» **What you have to do**: Please give back each line below unchanged; none of the pictures should appear.
Stored data Start Marker
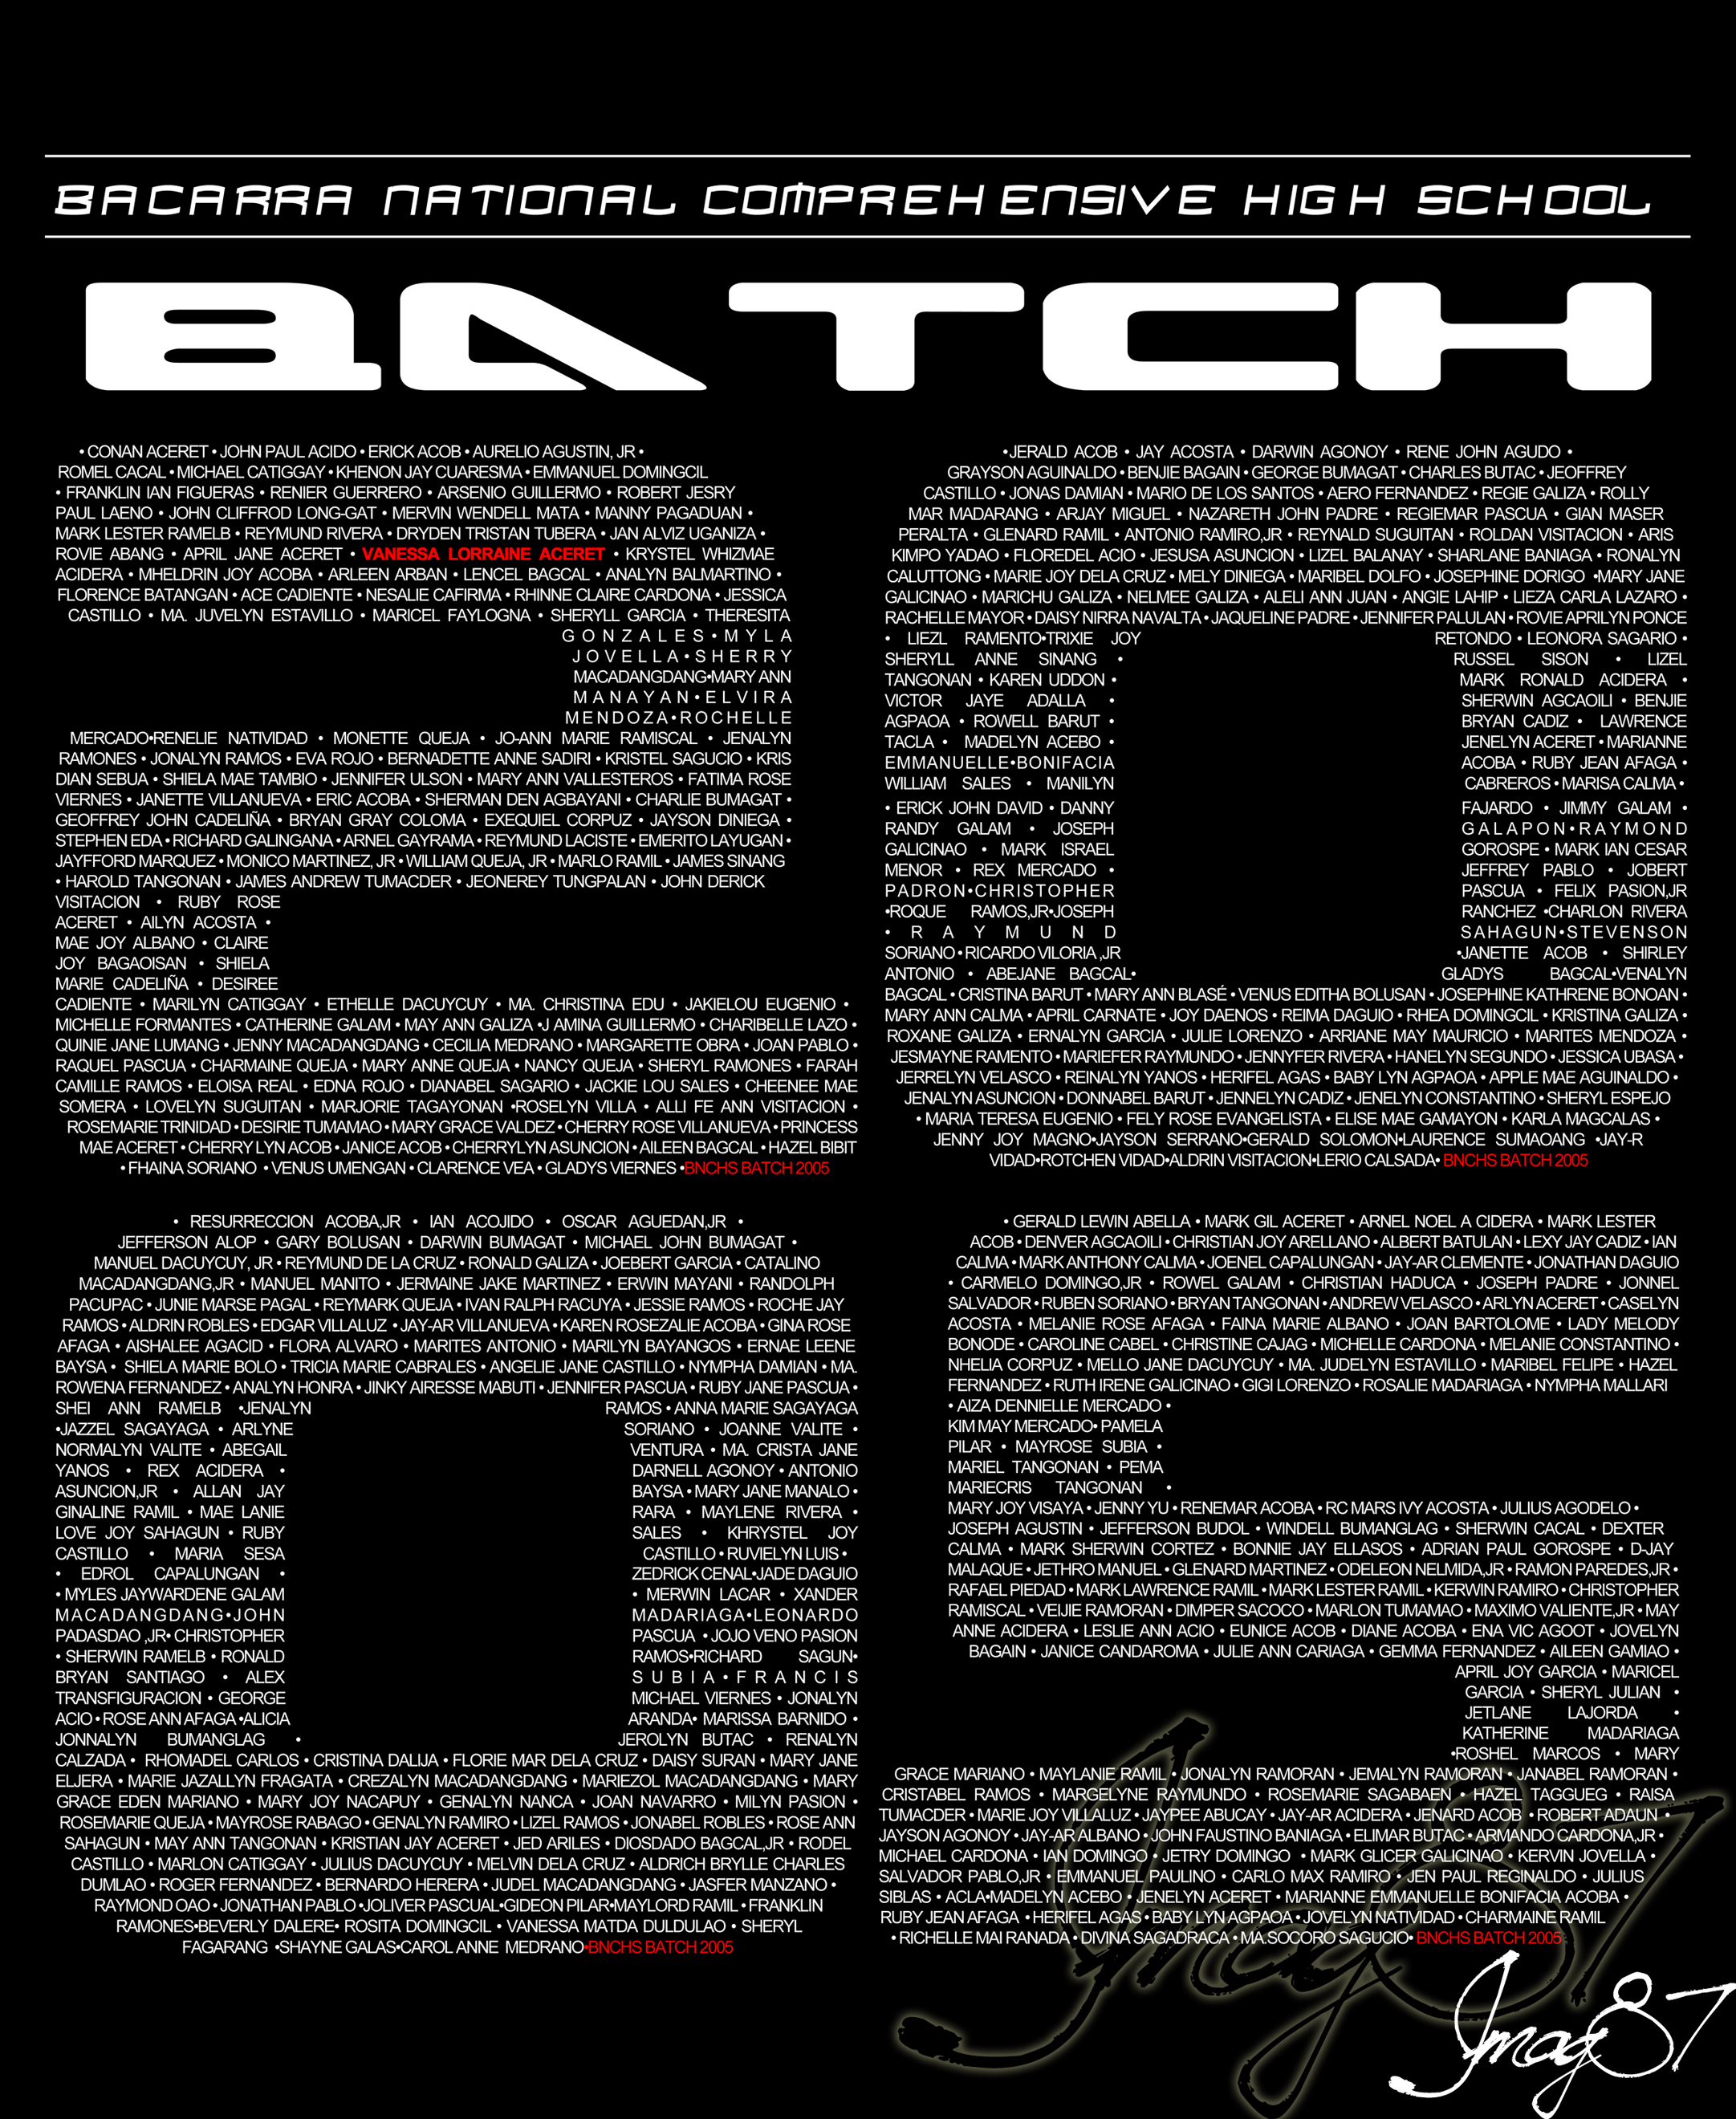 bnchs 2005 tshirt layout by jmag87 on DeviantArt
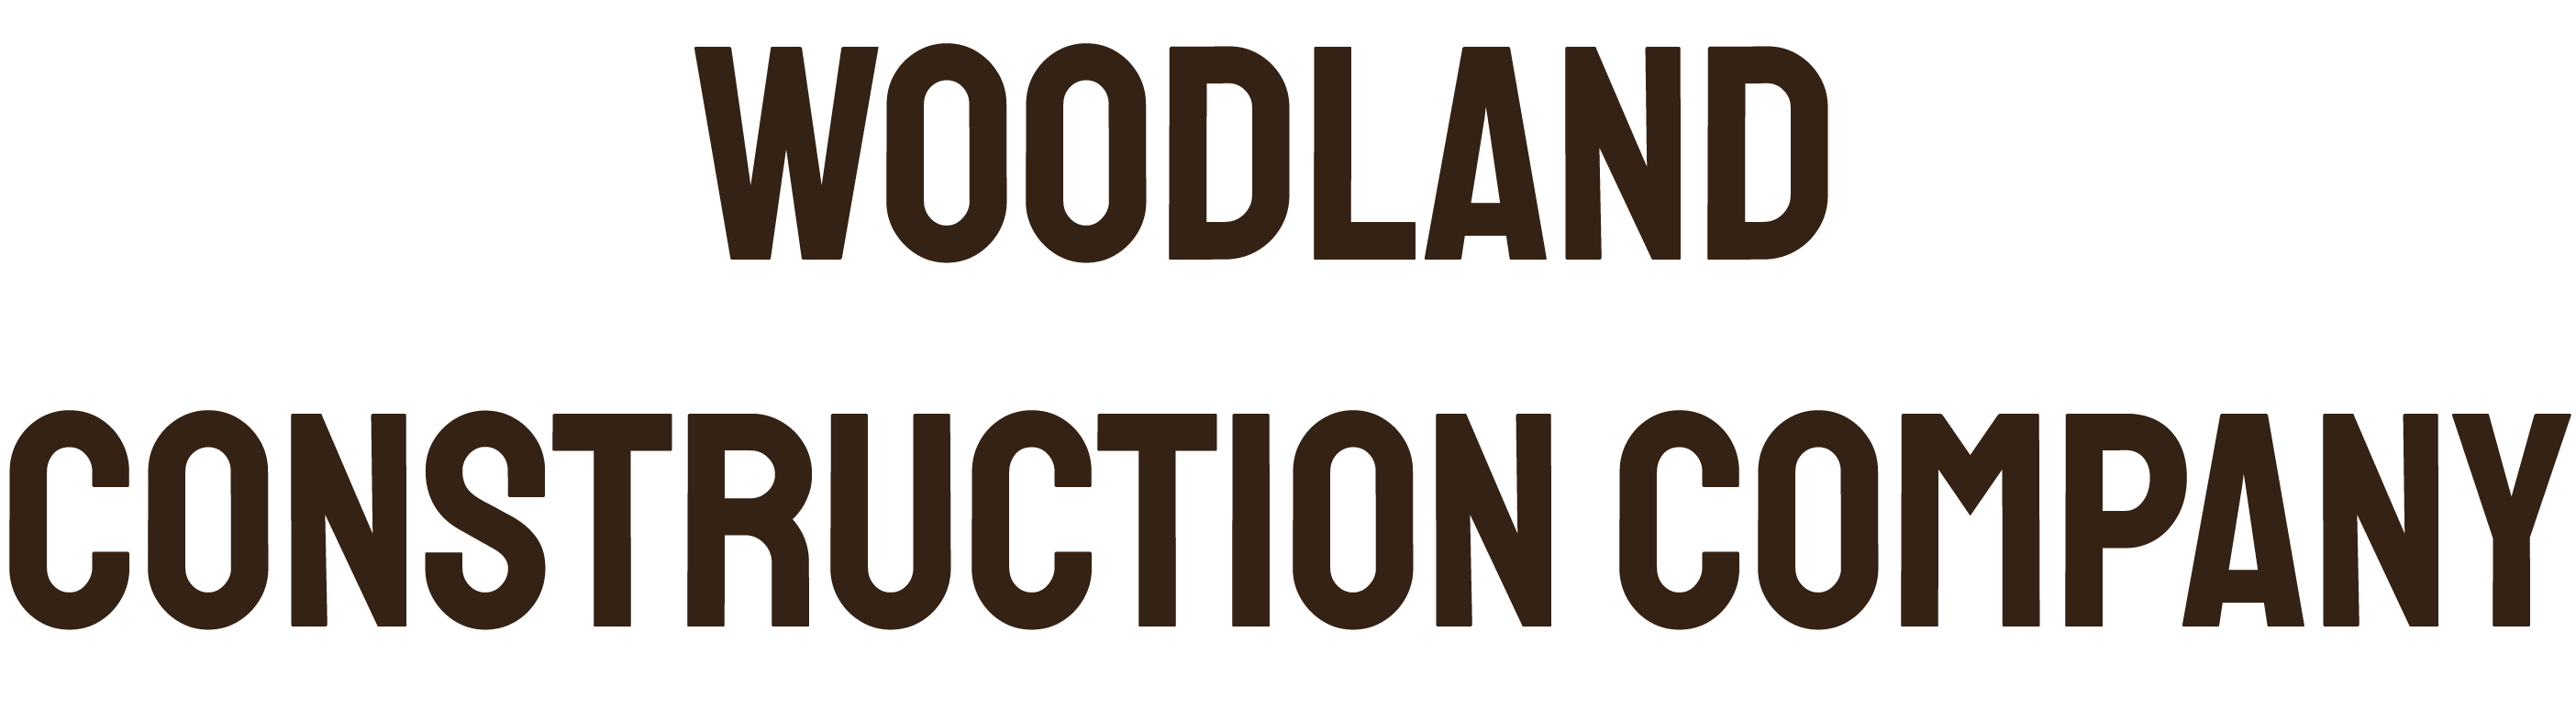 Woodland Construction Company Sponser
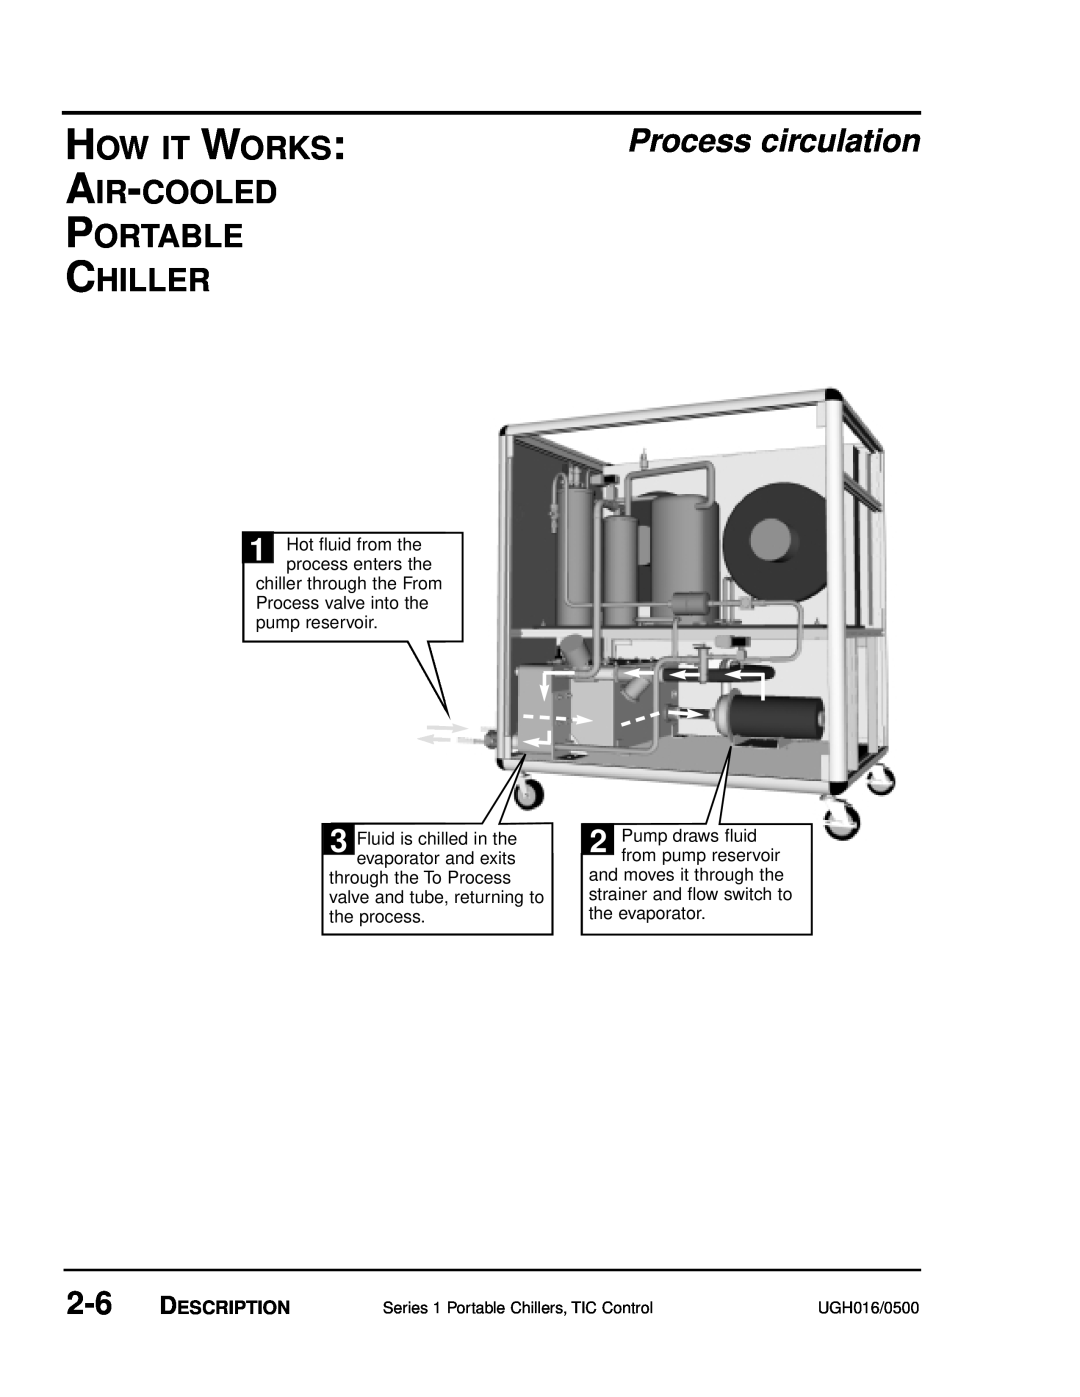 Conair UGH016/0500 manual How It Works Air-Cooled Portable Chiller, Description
Stored data End Marker
» **Problem solution**:
 bnchs 2005 tshirt layout by jmag87 on DeviantArt
 Woodland Construction Company Sponser
 Conair UGH016/0500 manual How It Works Air-Cooled Portable Chiller, Description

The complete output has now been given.